Nessuno sembrava accorgersi di quel ragazzo frastornato e meditabondo. Sembravo davvero solo in quel brodo di esseri umani dall’odore forte, dai tanti problemi in testa, frettolosi e disattenti. … Per un po’ avevo creduto stesse andando meglio, nella ricerca di quella Fiducia persa che, invece, ero convinto di aver sempre portato con me.

Sentì un calore dentro di me, come se avessi capito, in quel momento, che una possibilità ci fosse ancora, che non tutto fosse perduto, che ogni tassello stesse per andare al proprio posto.

 

Dalla fantasia di Mico Argirò è nato un libro fuori dall’ordinario. Una raccolta di racconti, ogni racconto ha il titolo della fermata del metrò di Milano, città in cui è ambientato il libro.

Milano, la bella città, la malinconica città, la città dei single, la città di chi corre sulle scale mobili, la città dalle mille luci e dalle innumerevoli periferie. Milano che riserva bellissime sorprese appena ti fermi.

Il protagonista arriva una mattina di piaggia battente e subito viene catapultato in quello che è il cuore pulsante di Milano: la metrò, mezzo con il quale il nostro protagonista si muove per giungere alle sue destinazioni ma anche luogo di ispirazioni dei suoi racconti.

Il foglio è diviso in tre parti, è una scrittura estetica, simbolica, ma anche fumettistica e pop come dice lo stesso autore, uno spaccato tra un libro di poesie alla Lee Master passando per le frasi dei baci Perugina, e un Manga per la sottoscritta.

L’Autore è stato capace di trarre poesia anche dai luoghi comuni, dalle cose inusuali, dagli sguardi assenti di chi ti sta a fianco mentre percorri la stessa via.

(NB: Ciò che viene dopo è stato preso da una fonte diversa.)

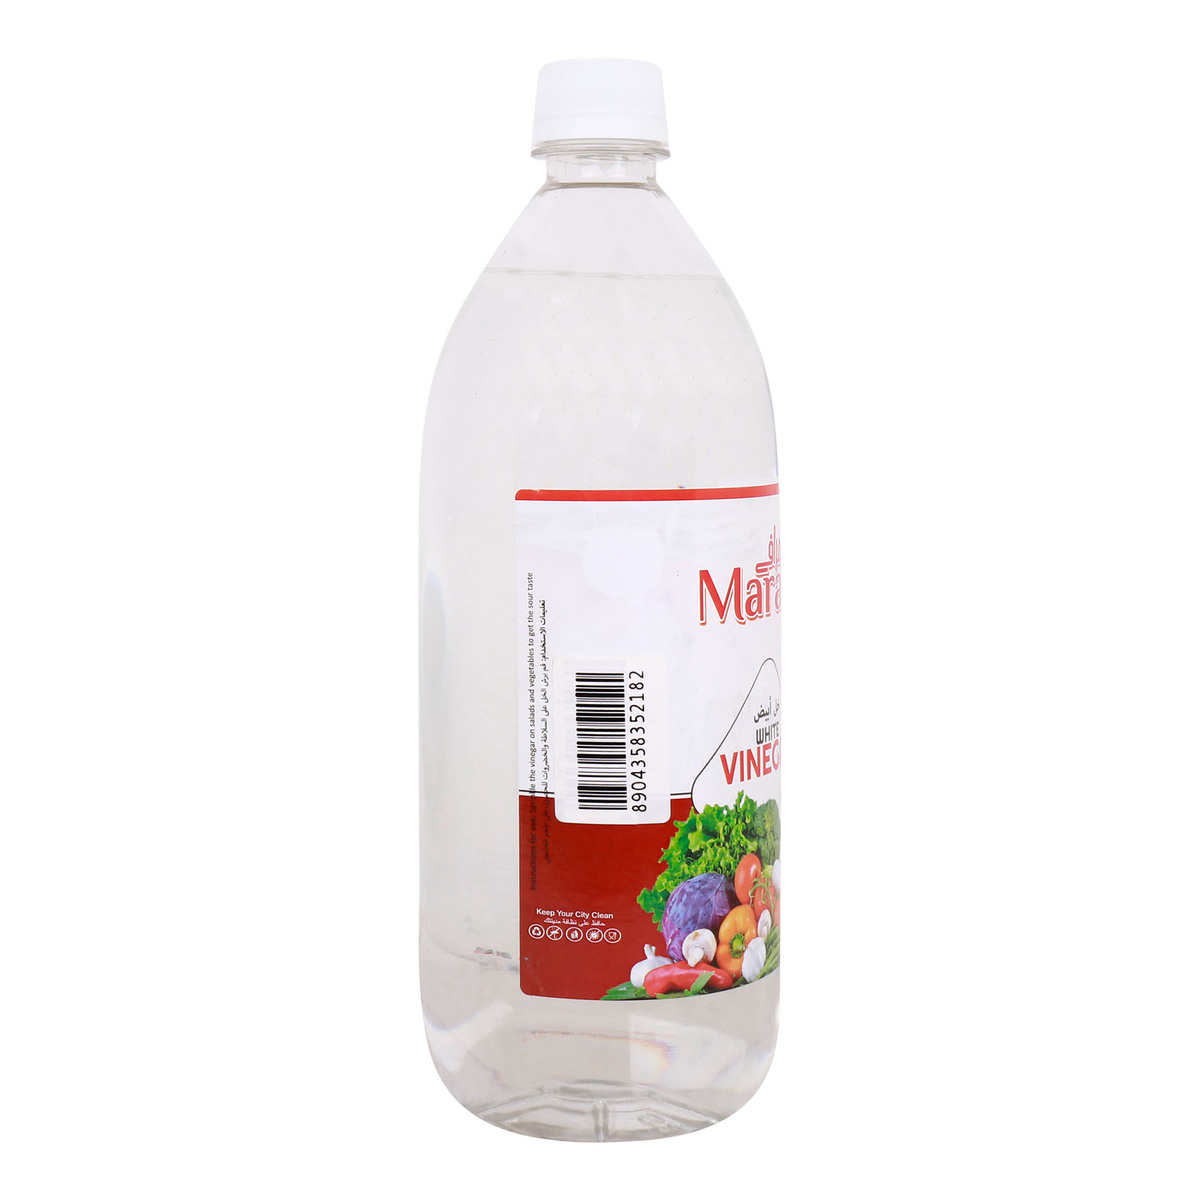 Marafy White Vinegar 946 ml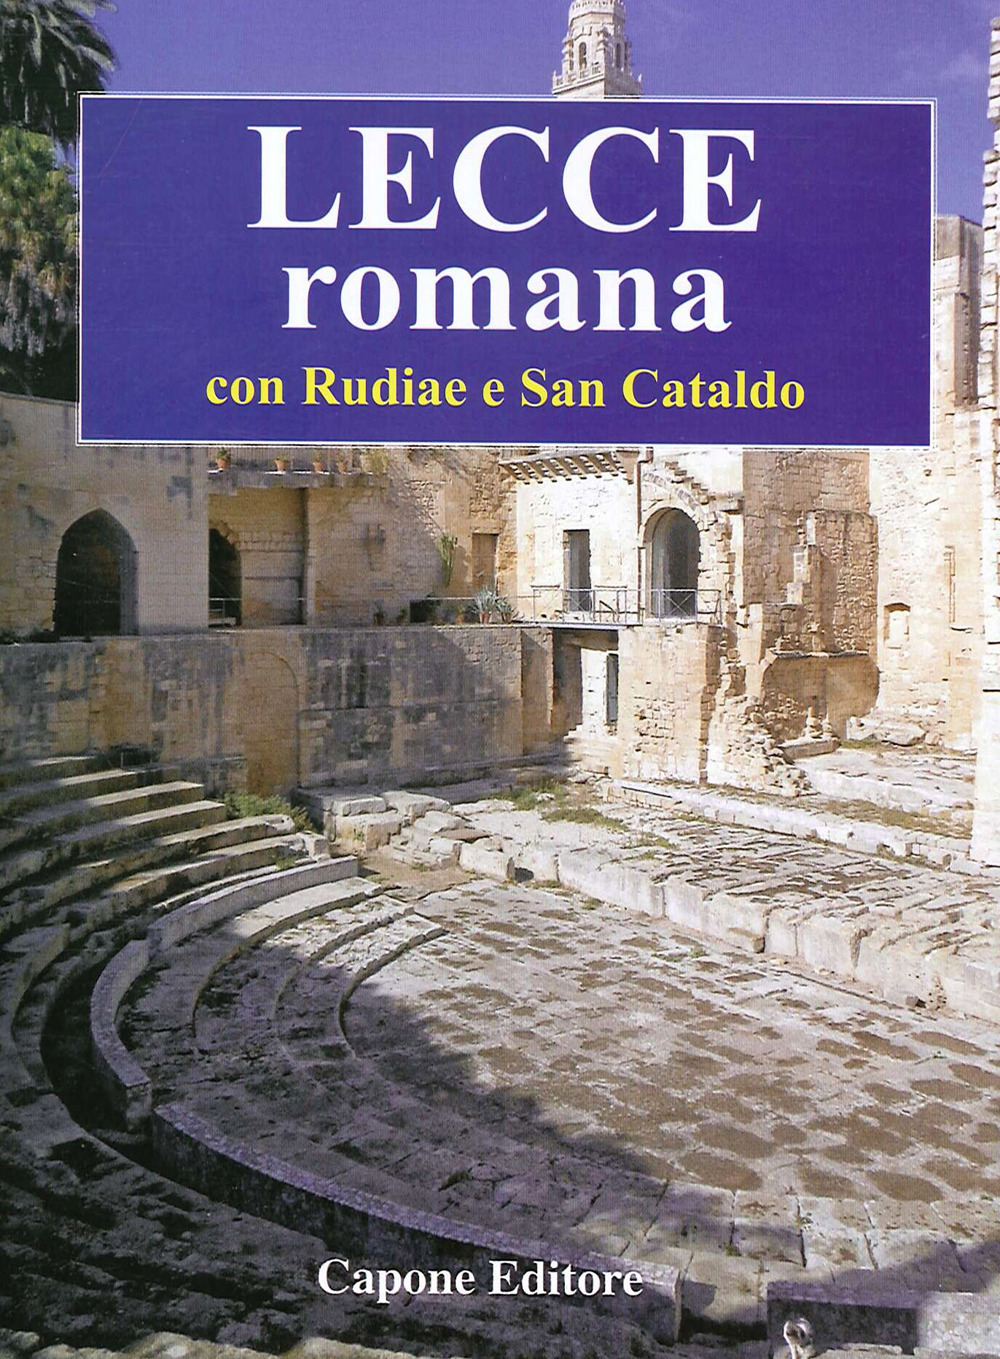 Lecce romana. Con Rudiae e San Cataldo

C’è malinconia, qualche nota di rimpianto

ma tutto scritto in modo poetico. Uno spunto di riflessione sulla vita, sul passato, sulle mancanze delle persone più care, del cambiamento come unico scopo di cercare sé stesso e migliorare la propria condizione. Domande che rimangono domande, domande che trovano risposte, fantasia che diventa realtà o fantasia che ci accompagna passo passo verso la realtà.

Un bellissimo modo di raccontare sé stessi e le proprie solitudini, le proprie paure con lo spirito di chi ha sempre un occhio attento su ciò che lo circonda o su chi gli sta intorno, capace di cogliere anche le più piccole sfumature che a molti, nella frenesia quotidiana, ci sfuggono.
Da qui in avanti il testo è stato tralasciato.